Governor Samuel Jones Tilden (Republican, New York) / Senator Galshua Aaron Grow (Republican, Pennsylvania) 38.5% popular votes
Senator Charles Sumner (Liberal, Massachusetts) / Governor Henry Winter Davis (Liberal, Maryland) 24.6% popular votes
Mr. Stephen Arnold Douglas (National People's, Illinois) / C.S.A. Colonel John Hunt Morgan (National People's, Kentucky) 26.9% popular votes

The first election under the newly-minted Sixteenth Amendment was also the first in which a majority of white Southern men could vote since the surrender of the last Confederate forces in 1853. In this evolving political landscape, the Republicans sought to have their cake and eat it too, seeking to become both the party of freedmen and the party of the white working classes.

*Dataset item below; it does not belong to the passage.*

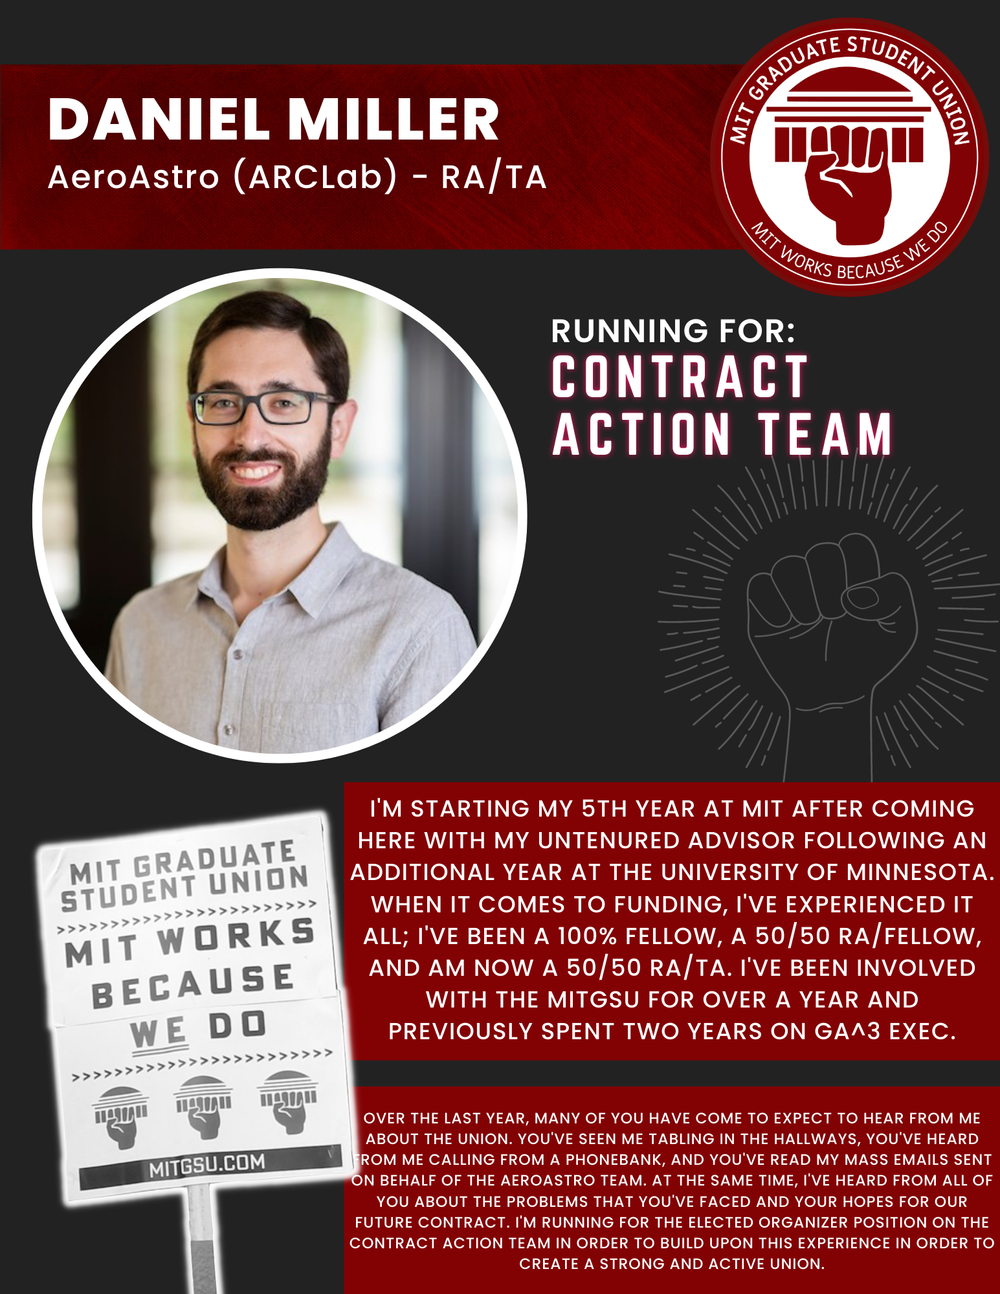  DANIEL MILLER   AeroAstro (ARCLab) - RA/TA   RUNNING FOR: Contract Action Team  I'M STARTING MY 5TH YEAR AT MIT AFTER COMING HERE WITH MY UNTENURED ADVISOR FOLLOWING AN ADDITIONAL YEAR AT THE UNIVERSITY OF MINNESOTA.  WHEN IT COMES TO FUNDING, I'VE

They were only partly successful. Their nominee, New York Governor Samuel Tilden, won pluralities in the Mississippi Valley and the upper Midwest thanks to the support of immigrants, black tennant farmers, and some poor whites, while the Liberals—led by radical firebrand Charles Sumner—took New England, the old radical strongholds of Michigan and Ohio, and the Appalachian counties in the upper South. The "Redeemer" ticket led by Stephen A. Douglas, however, proved unexpectedly strong in areas where supporters of Reconstruction were divided and newly-enfranchised Confederate veterans could muster a plurality, if not a majority, at the polls. The result was a split election, with Tilden and Sumner advancing to the second round of balloting in December.